> Data entries:
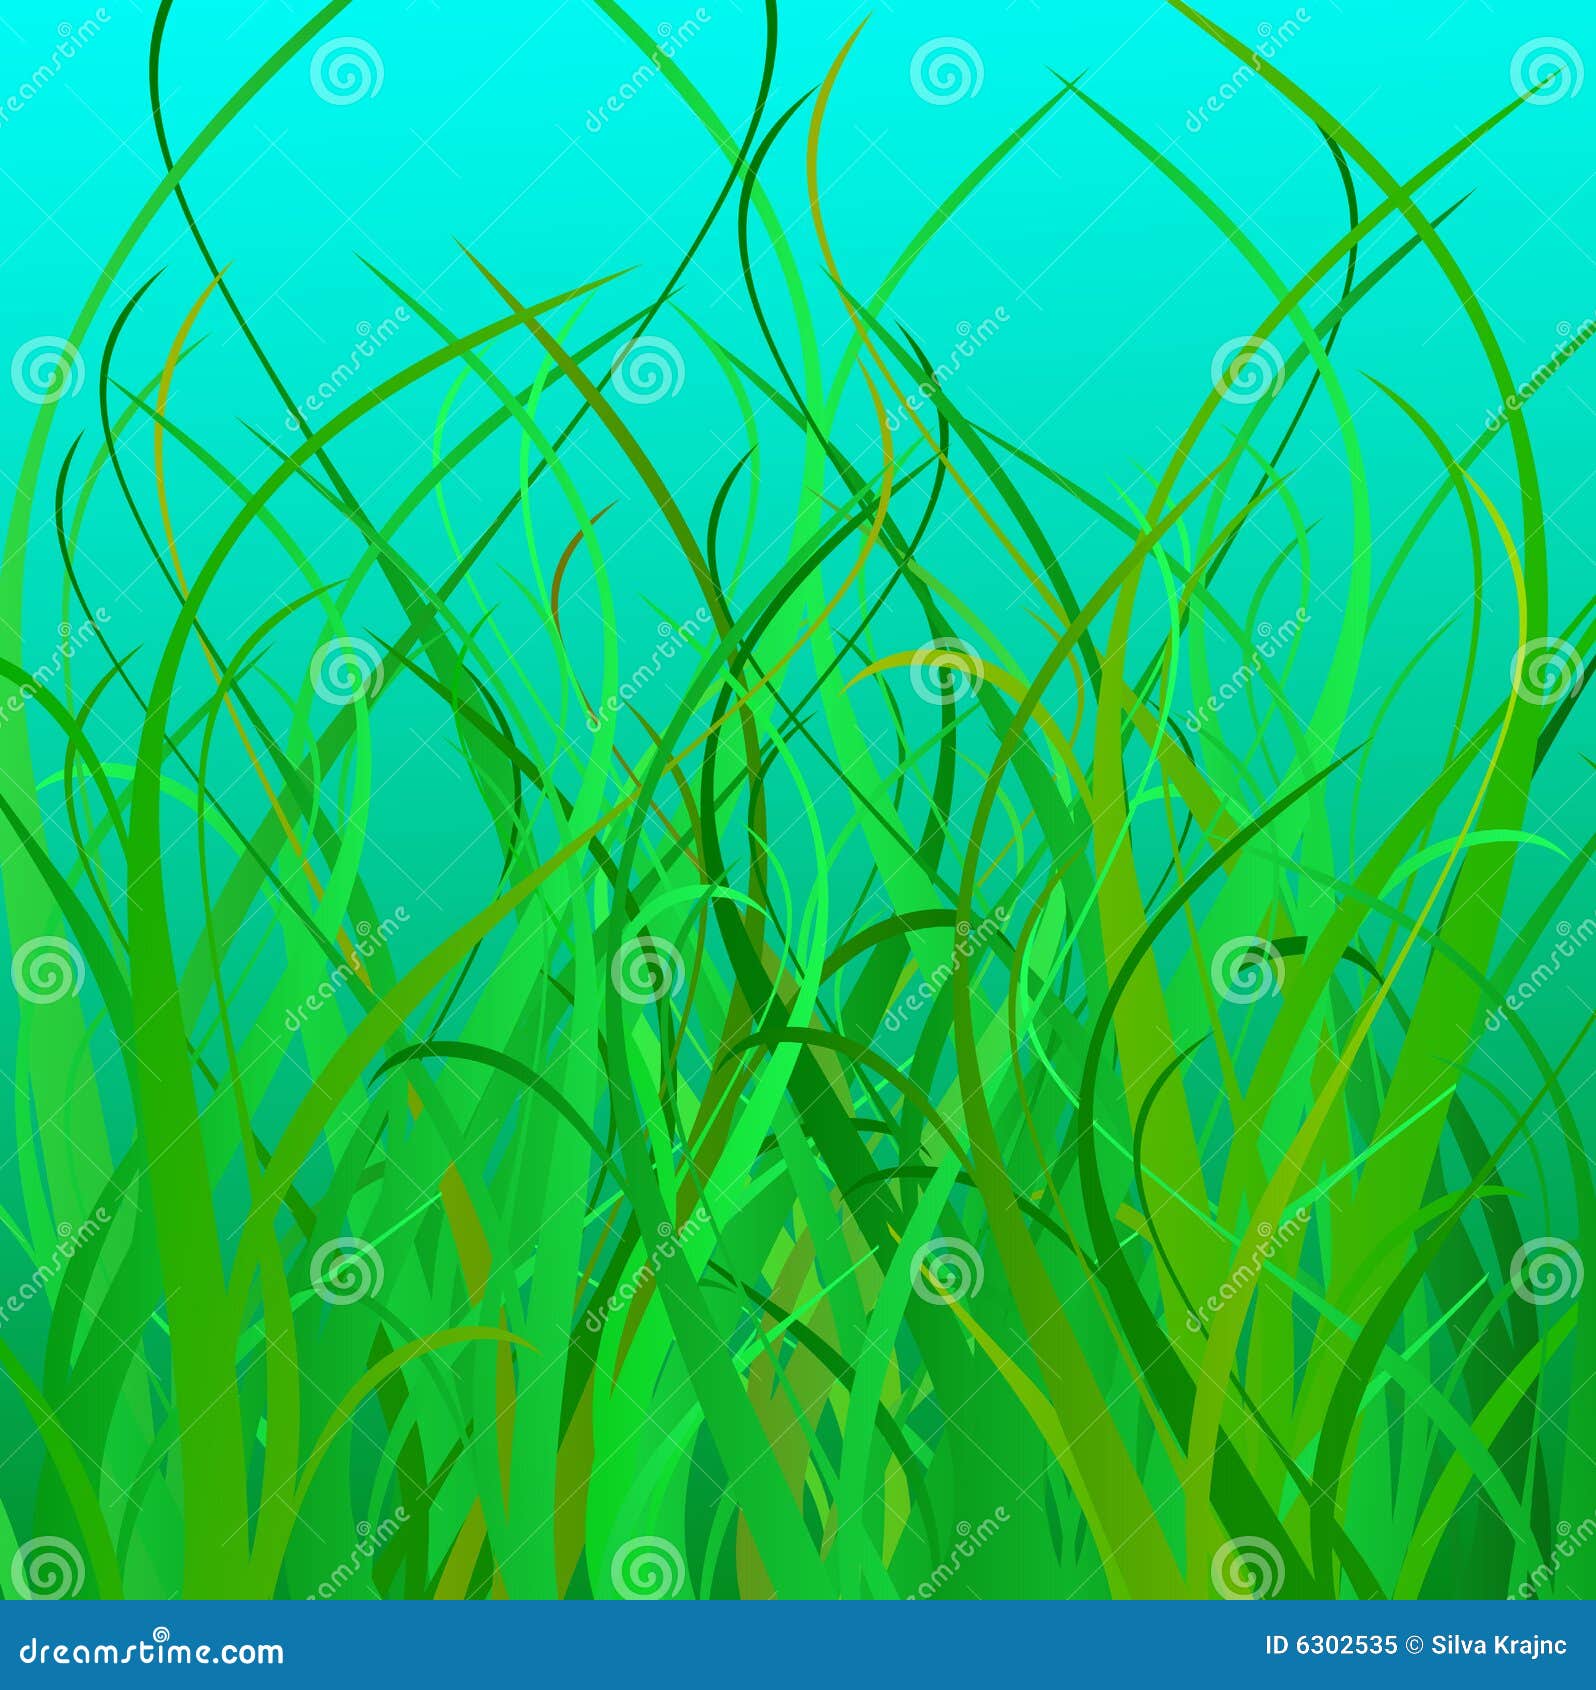 free clip art sea grass - photo #36
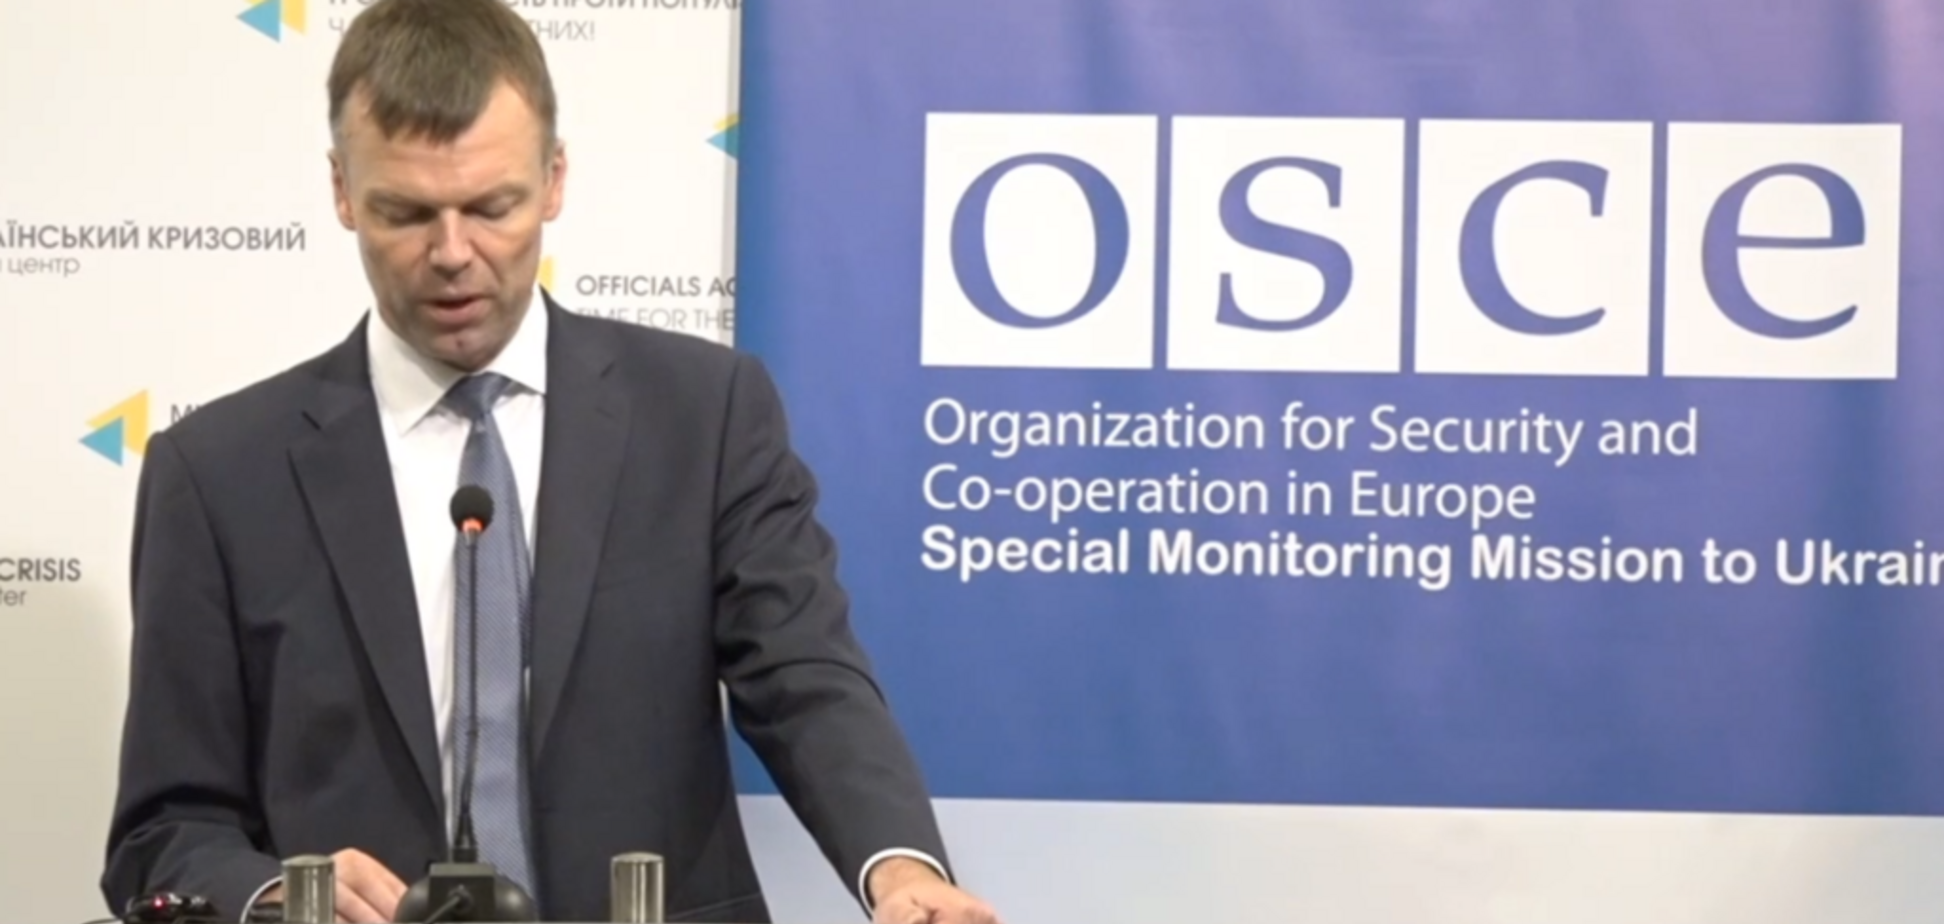 Останнє слово Хуга: заступник голови місії ОБСЄ, який оскандалився, пішов у відставку
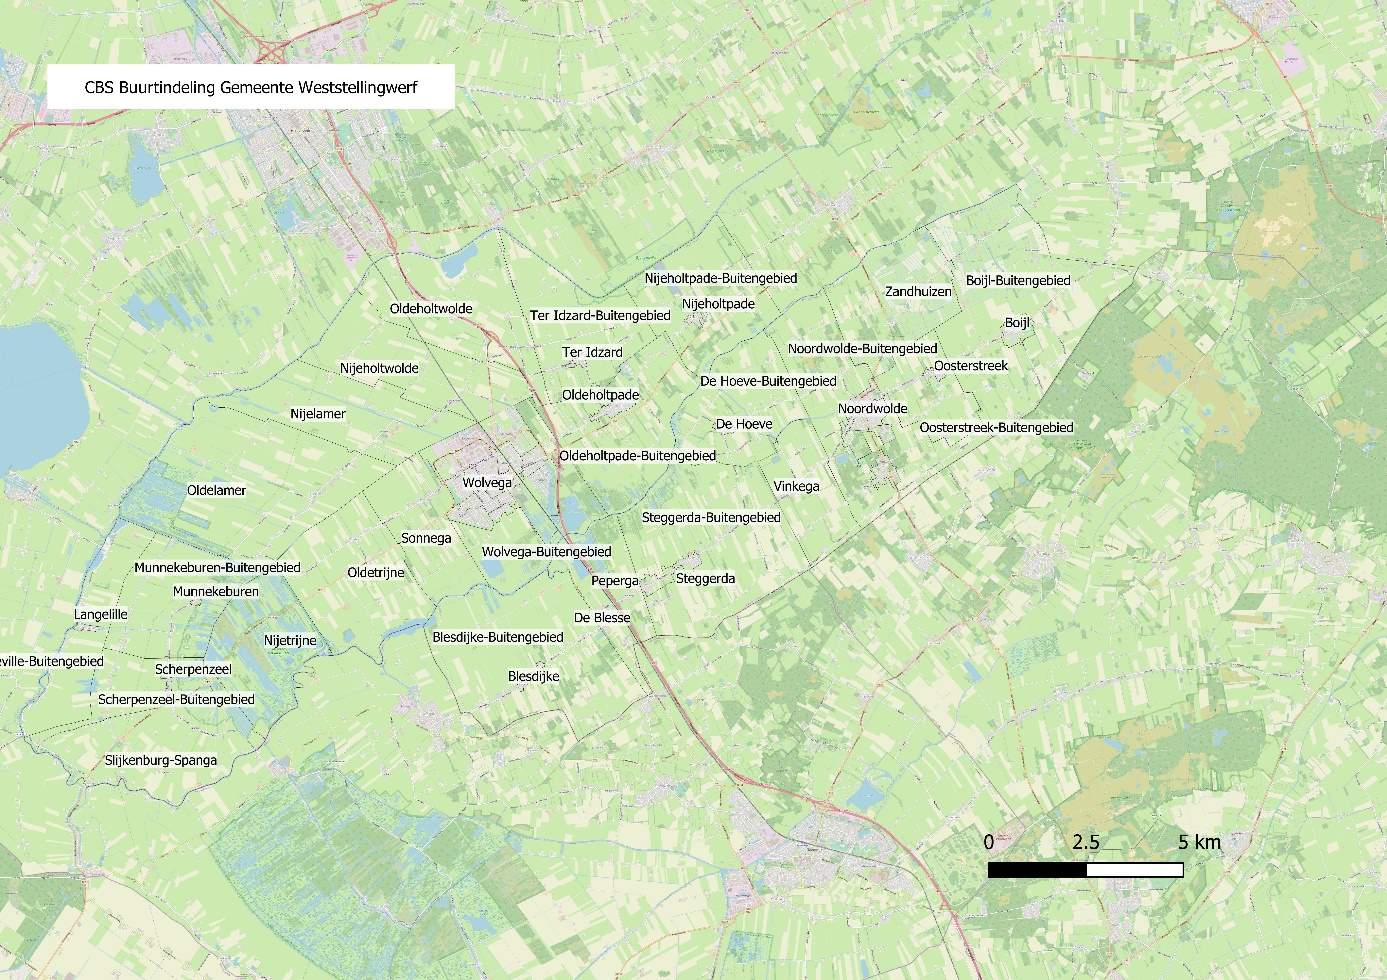 CBS-buurtindeling van de gemeente Weststellingwerf. Voor de buurtindeling van Wolvega en Noordwolde zijn specifieke kaarten opgenomen.
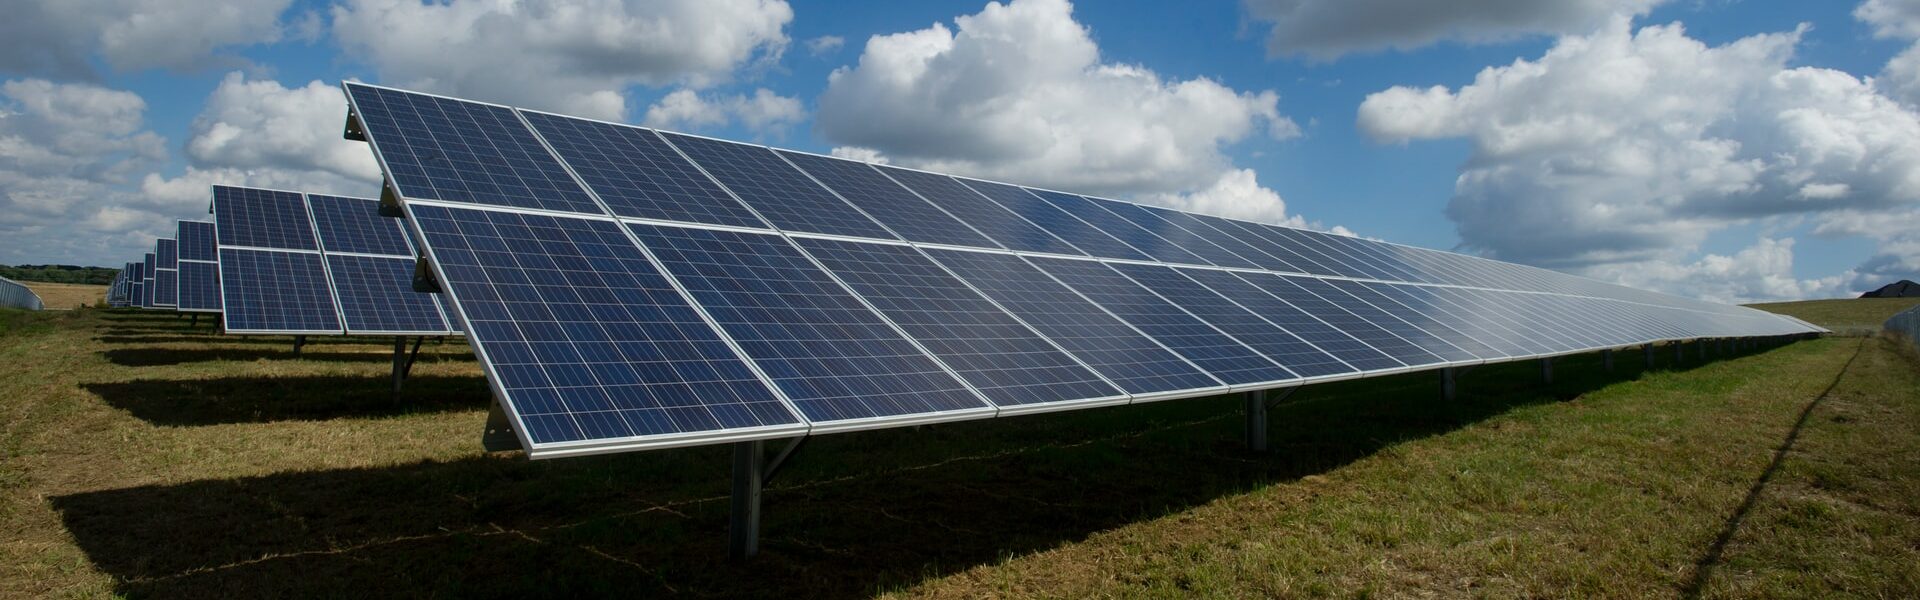 Placas Solares - Franquia de energia solar: 8 coisas que você precisa saber sobre esse investimento
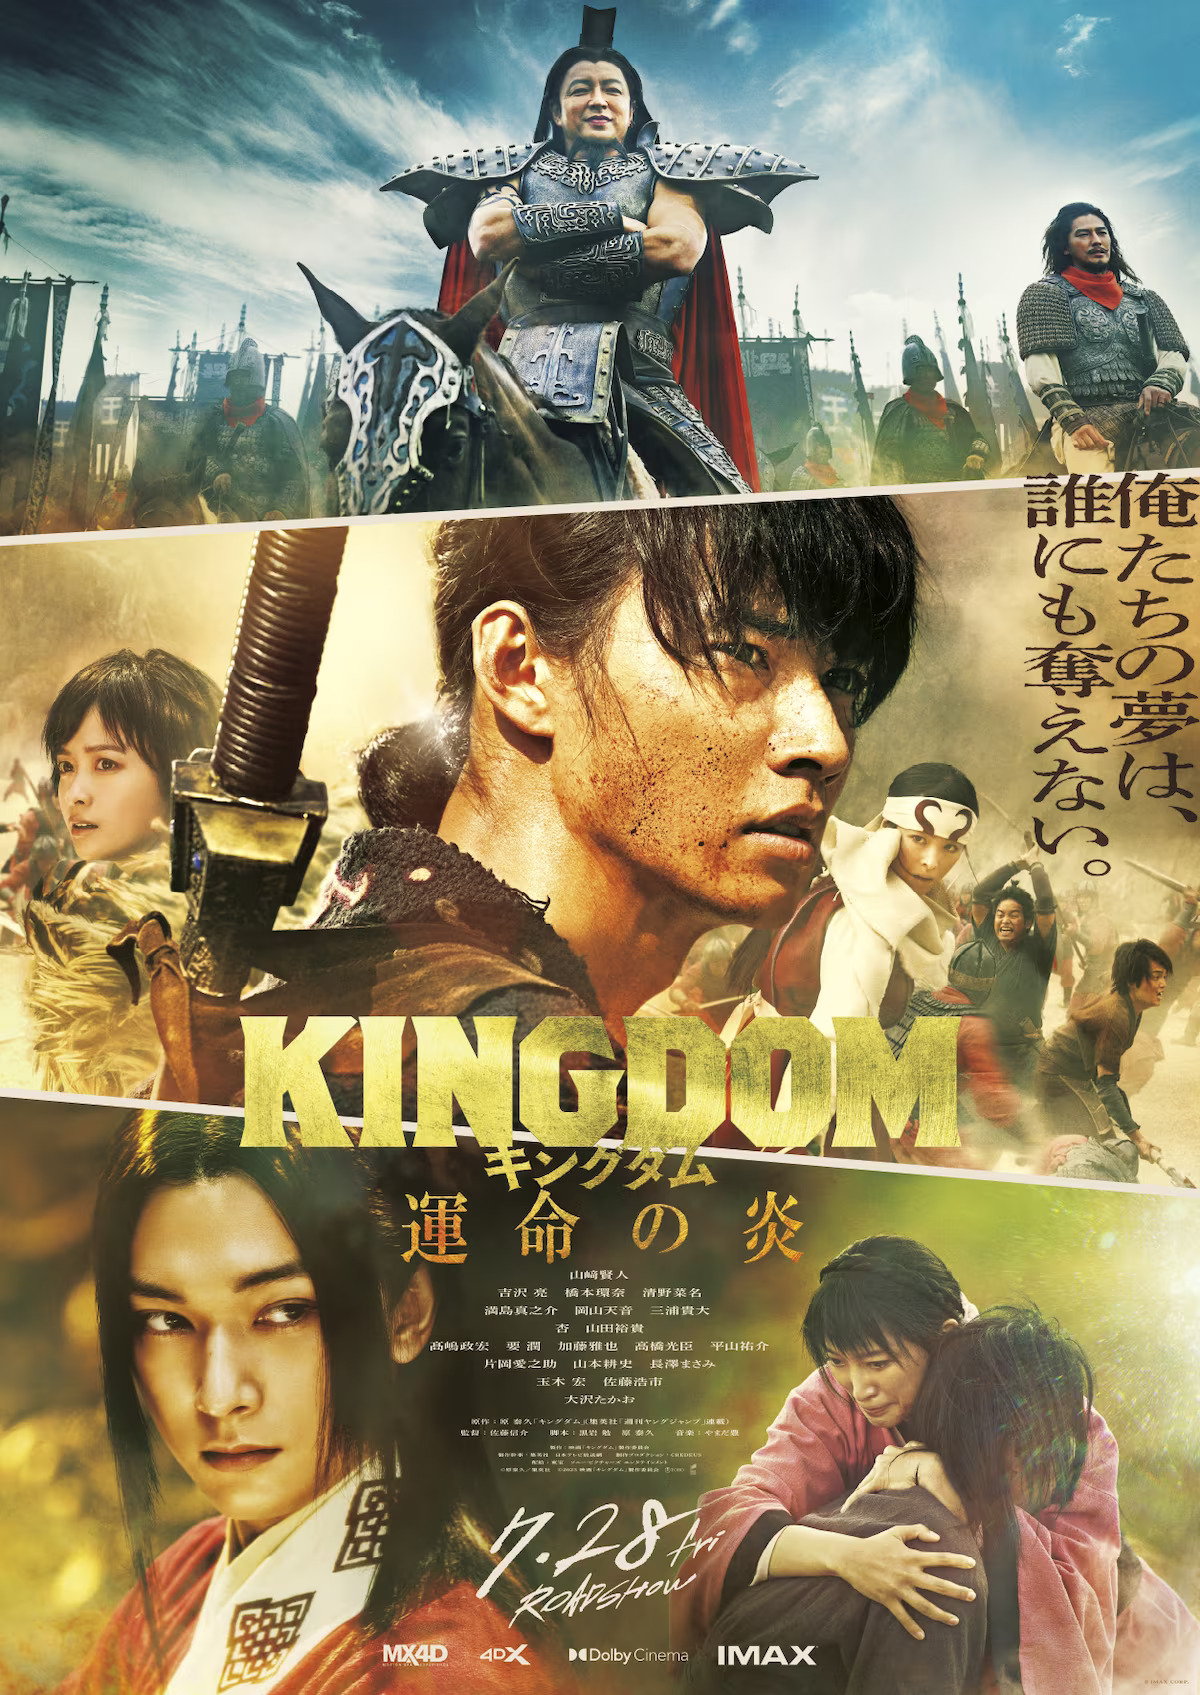 Gold Kingdom, Water Kingdom Anime Film Adds to Cast

> Required action:
What you give back must be exactly the lines from the opening line of the entries through the line holding "Placas Solares - Franquia", with no pictures.

> Your response:
 free clip art sea grass - photo #36
 Останнє слово Хуга: заступник голови місії ОБСЄ, який оскандалився, пішов у відставку
 CBS-buurtindeling van de gemeente Weststellingwerf. Voor de buurtindeling van Wolvega en Noordwolde zijn specifieke kaarten opgenomen.
 Placas Solares - Franquia de energia solar: 8 coisas que você precisa saber sobre esse investimento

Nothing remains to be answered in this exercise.